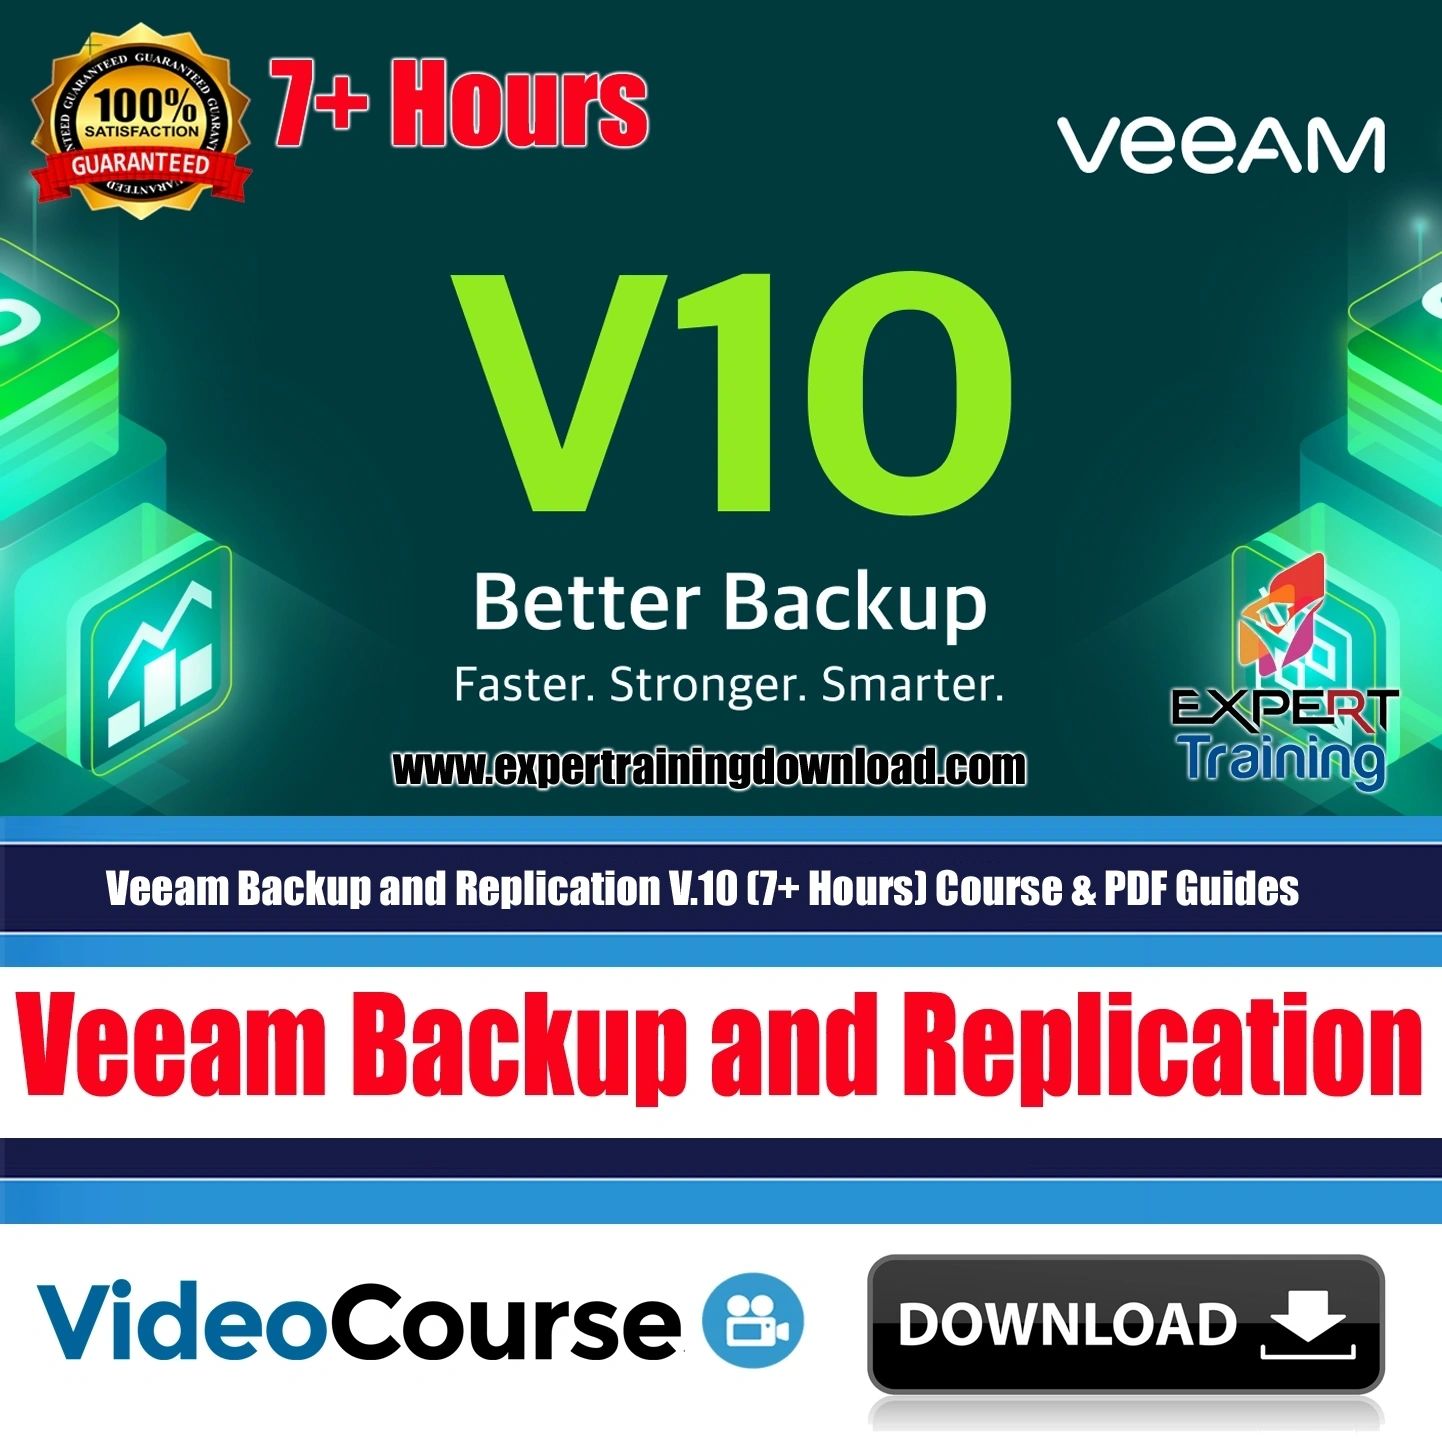 Veeam Backup and Replication V.10 (7+ Hours) Course & PDF Guides
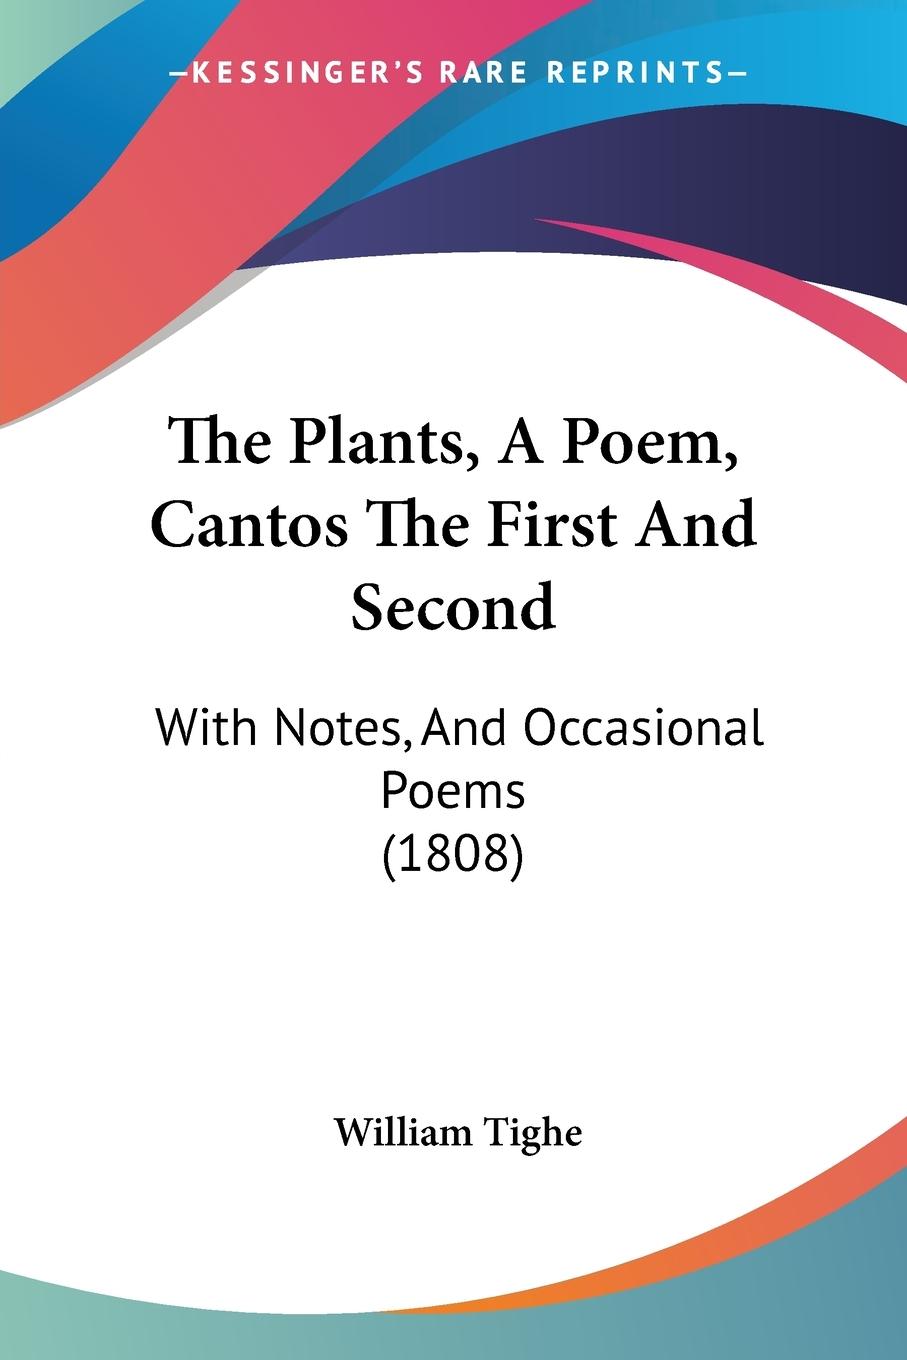 The Plants, A Poem, Cantos The First And Second - Tighe, William
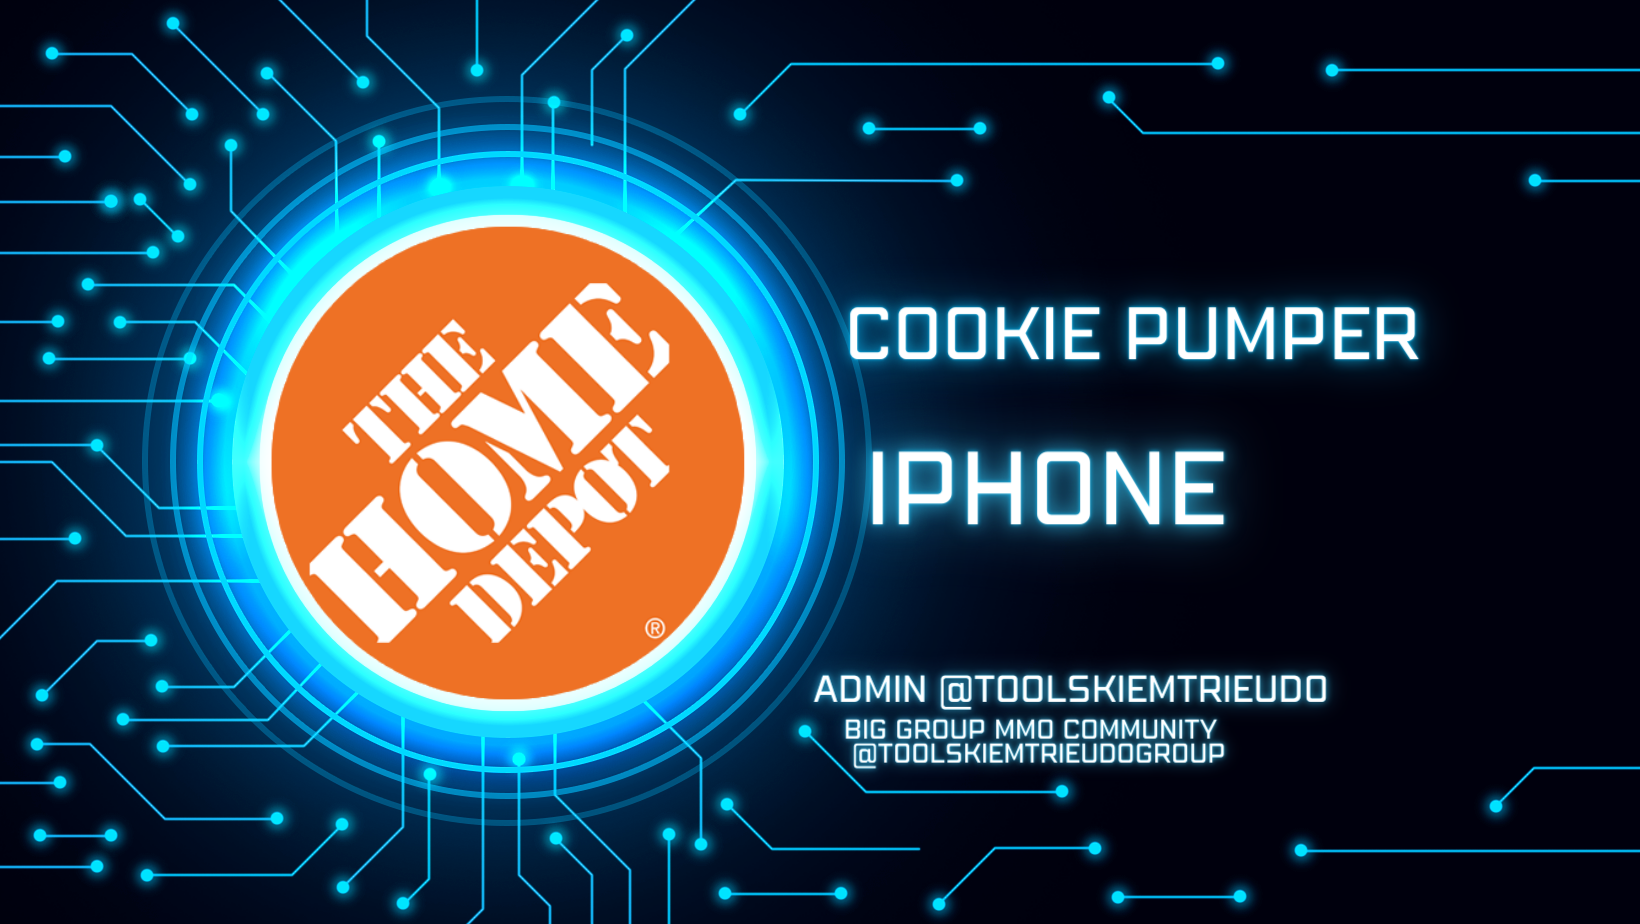 Homedepot Cookie Pumper iPhone Automate Like a Human

--

= What you should do =
Restate, exactly as they appear, the line with "The Plants, A" and all the lines after it up to the end of the data above; images do not belong in the copy.

= Result for this exercise =
 The Plants, A Poem, Cantos The First And Second - Tighe, William
 Homedepot Cookie Pumper iPhone Automate Like a Human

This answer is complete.